The Coastline around Sandy Haven
Sandy Haven is the nearest sandy beach to the town of Milford Haven and is a popular recreational spot. It has a car park, camping area, caravan site and toilets. As a result it is a fairly busy beach in summer and a popular dog romping area. An alternative that is never crowded is Lindsway Bay. From Sandy Haven beach a sand filled pill or tidal creek extends inland 1.4 miles and is an interesting low tide walk. A map and a Google Earth image showing the pill and coastline on either side are shown here and the beaches, headlands and rocks are named. If one has a kayak, canoe or a small dinghy there are many places that can be reached by water including some beaches to the west of Sandy Haven that are not accessible from the land. So that even at the busiest time of the year (the summer school holidays) it is possible to have a beach to oneself.
SANDY HAVEN BEACH
In summer Sandy Haven beach has many sheltered spots amongst the low cliffs at the top of the beach and a broad flat expanse of sand at low tide. An area of rock and rock pools is present on the west side of the beach. Low on the beach and only exposed at low tide, is a large block of rock about 7 feet high that is covered at high tide. This is a useful warning rock as when the sea has risen half way up it then the footbridge across the pill (invisible from the beach) is just being covered or uncovered by the sea. Sandy Haven is quite different in winter with a big swell coming through the entrance of the waterway and surf breaking on the beach. On rainy days there as places to shelter in the cliffs at the top of the beach.
SANDY HAVEN PILL
For trips in the pill it is best to launch about 2 hours before high tide and return about 2 hours after high tide. For trips further afield one sometimes returns at low tide. It is still possible to get a kayak back to the launching beach at low tide by walking and towing it up the broad stream of water flowing down the creek until one reaches the crabbing beach. In spring up to two dozen swans can be found in the pill and as the tide goes out they move out to the sea edge and then move back up the pill as the tide returns. When the flock takes off from the water they create a very loud splashing and thumping noise. The stream across the pill can be crossed by the crabbing bridge – a footbridge that can have 18 feet of water over it at high spring tide and is very popular with children for catching crabs. On the west side of the crabbing bridge is a hard shingle beach reached by a public road that is a popular boat launching place. Cars can be driven onto the shingle beach as it is a hard surface – indeed it is the only place to turn a car if one drives down the cul-de-sac to the beach. In summer because of the few parking places on the west side, people often park on the beach at low tide.
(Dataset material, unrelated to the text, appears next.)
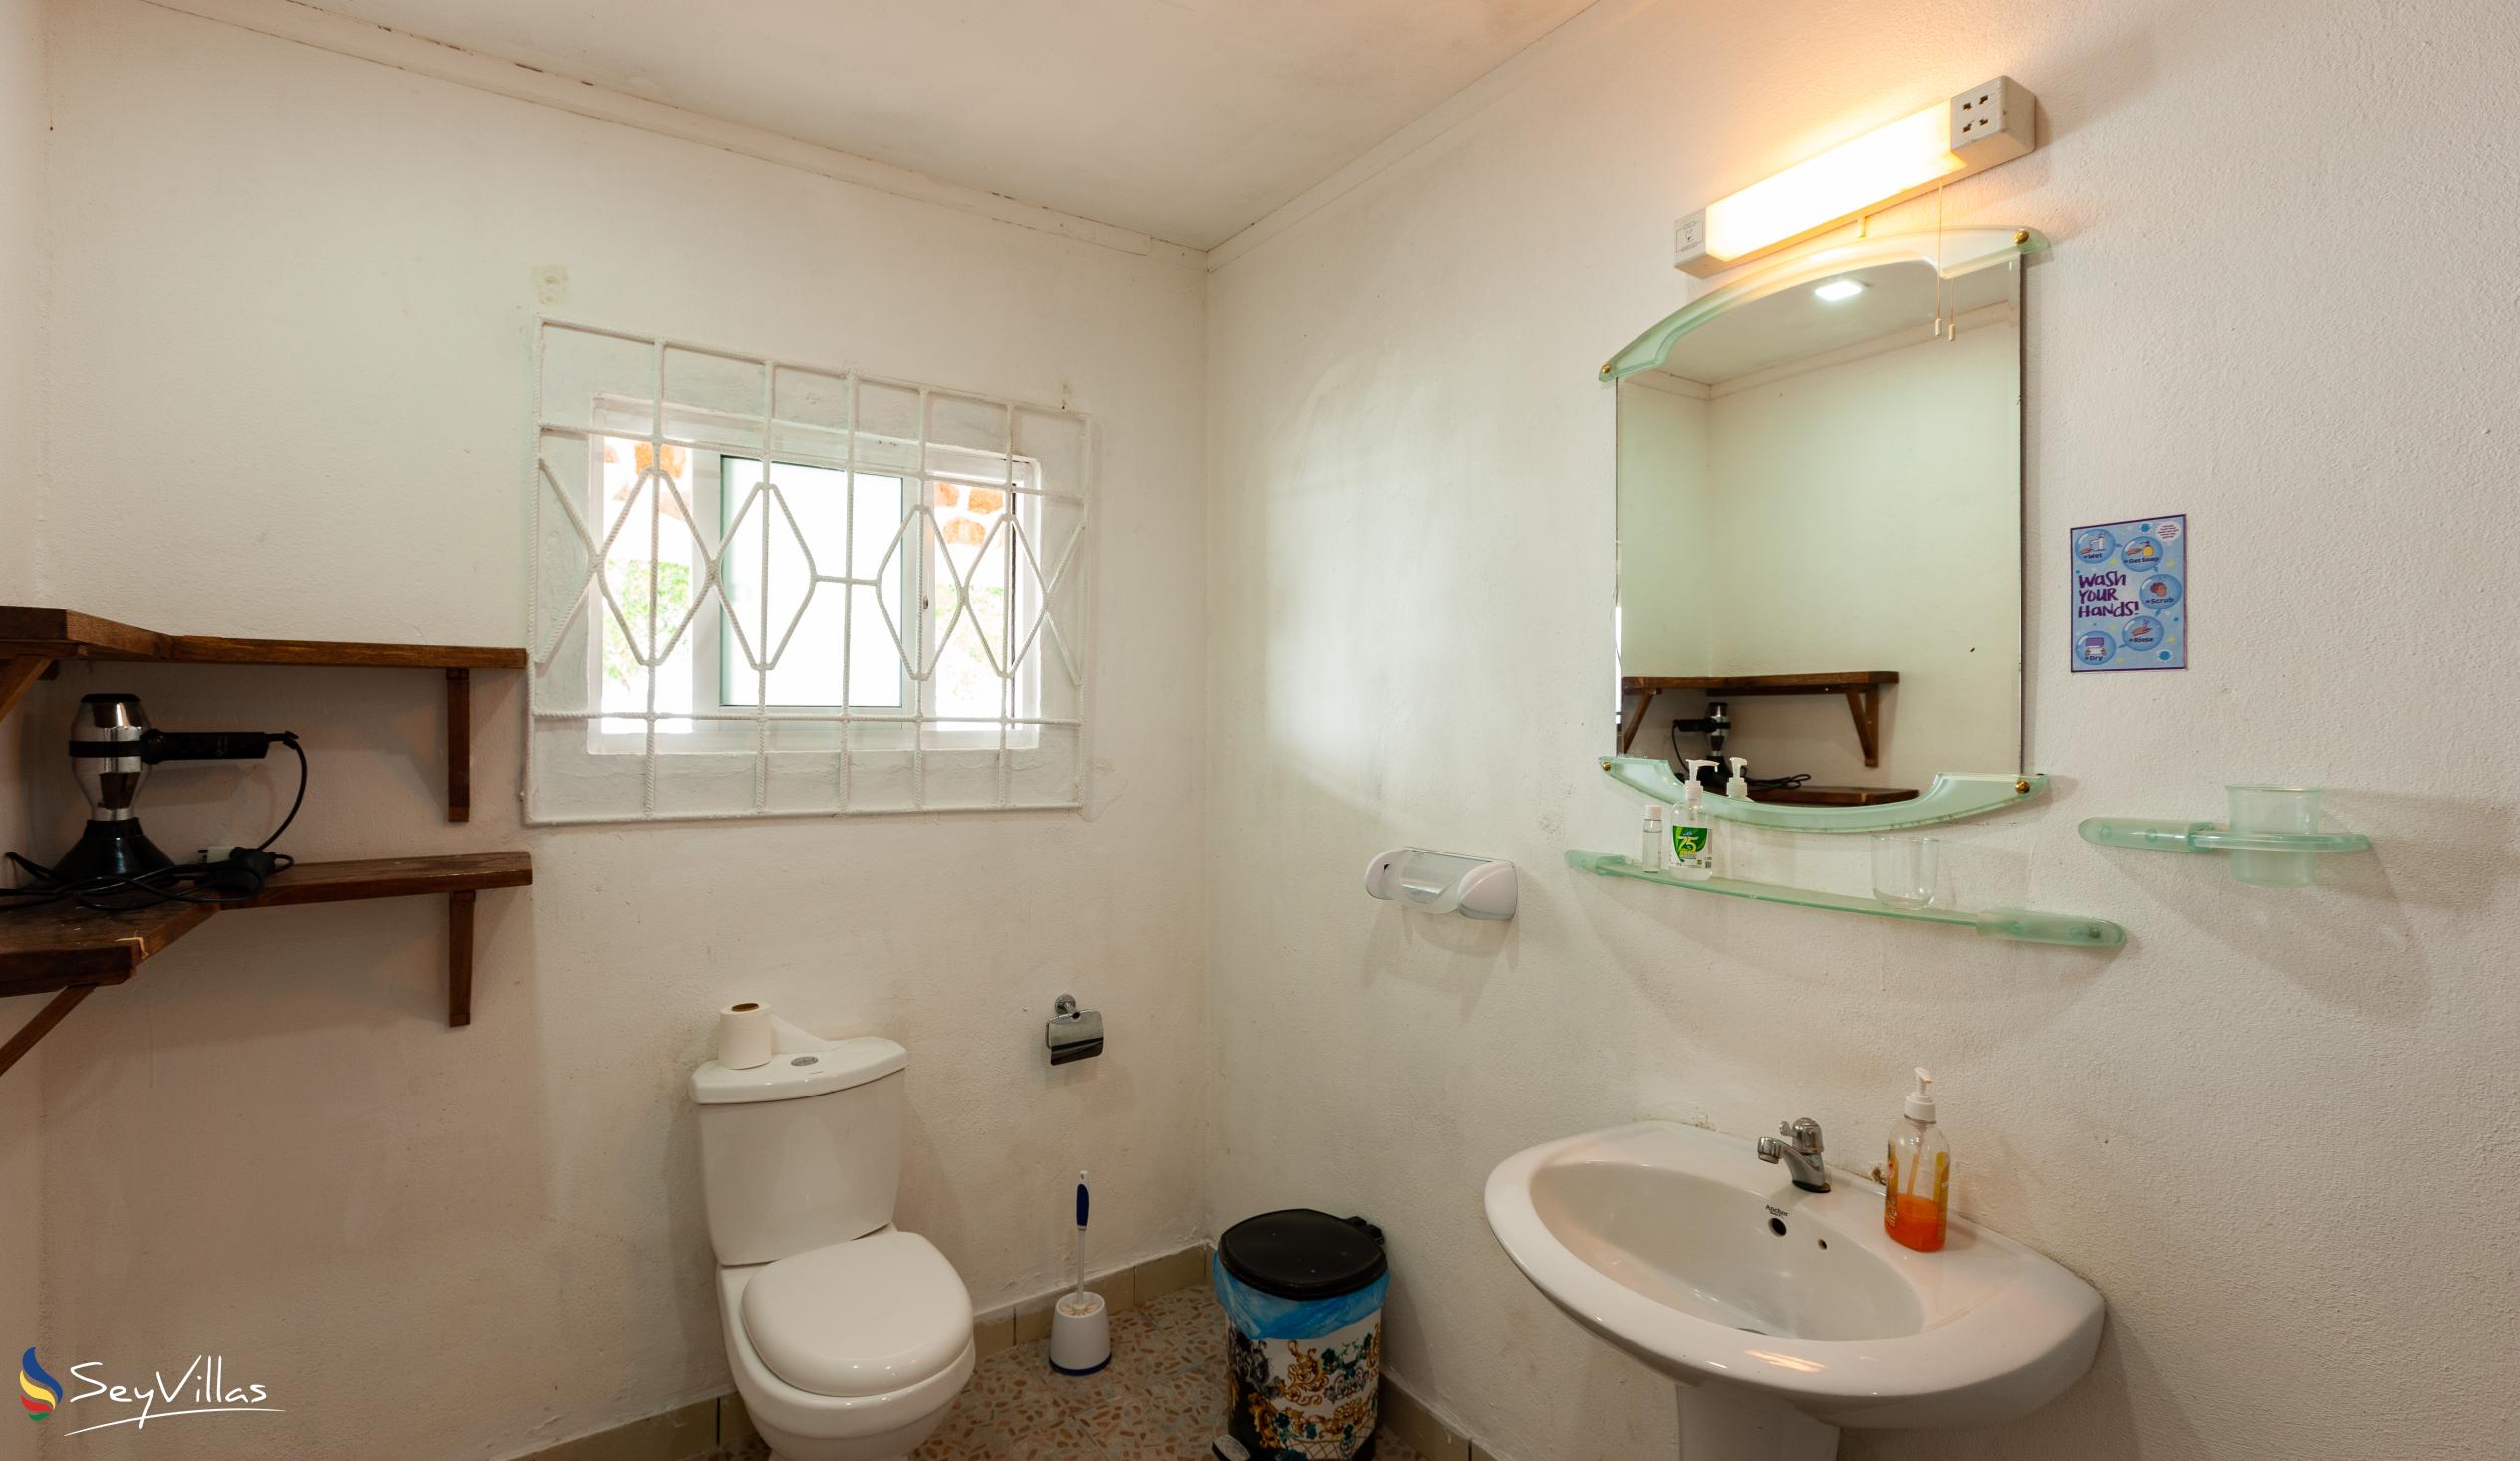 Foto 55: Maison du Soleil - Villa 2 chambres - Praslin (Seychelles)

Most people however drive to the east side of sandy Haven pill where there is a car park and camp site.
To explore the pill by kayak launched on an incoming tide it is very pleasant to let the current take one up the creek, play around in the half hour of slack water at high tide and then let the current take one back down the creek again. From the upper part of the creek at high tide it is possible to watch the tide turning as the summer boats moored in the lower creek will swing with the turning tide from sterns up-creek as the tide comes in to sterns down-creek as the tide goes out. There is a good swim up the creek at high tide if one has a dinghy follower to pick up the swimmer. By swimming in the main current heading up-creek one moves along the creek quite rapidly. Most desirable for creek exploration by boat is a high spring tide as there is then a lot of area to explore including beneath the branches of overhanging giant trees whose branches just touch the water at these times.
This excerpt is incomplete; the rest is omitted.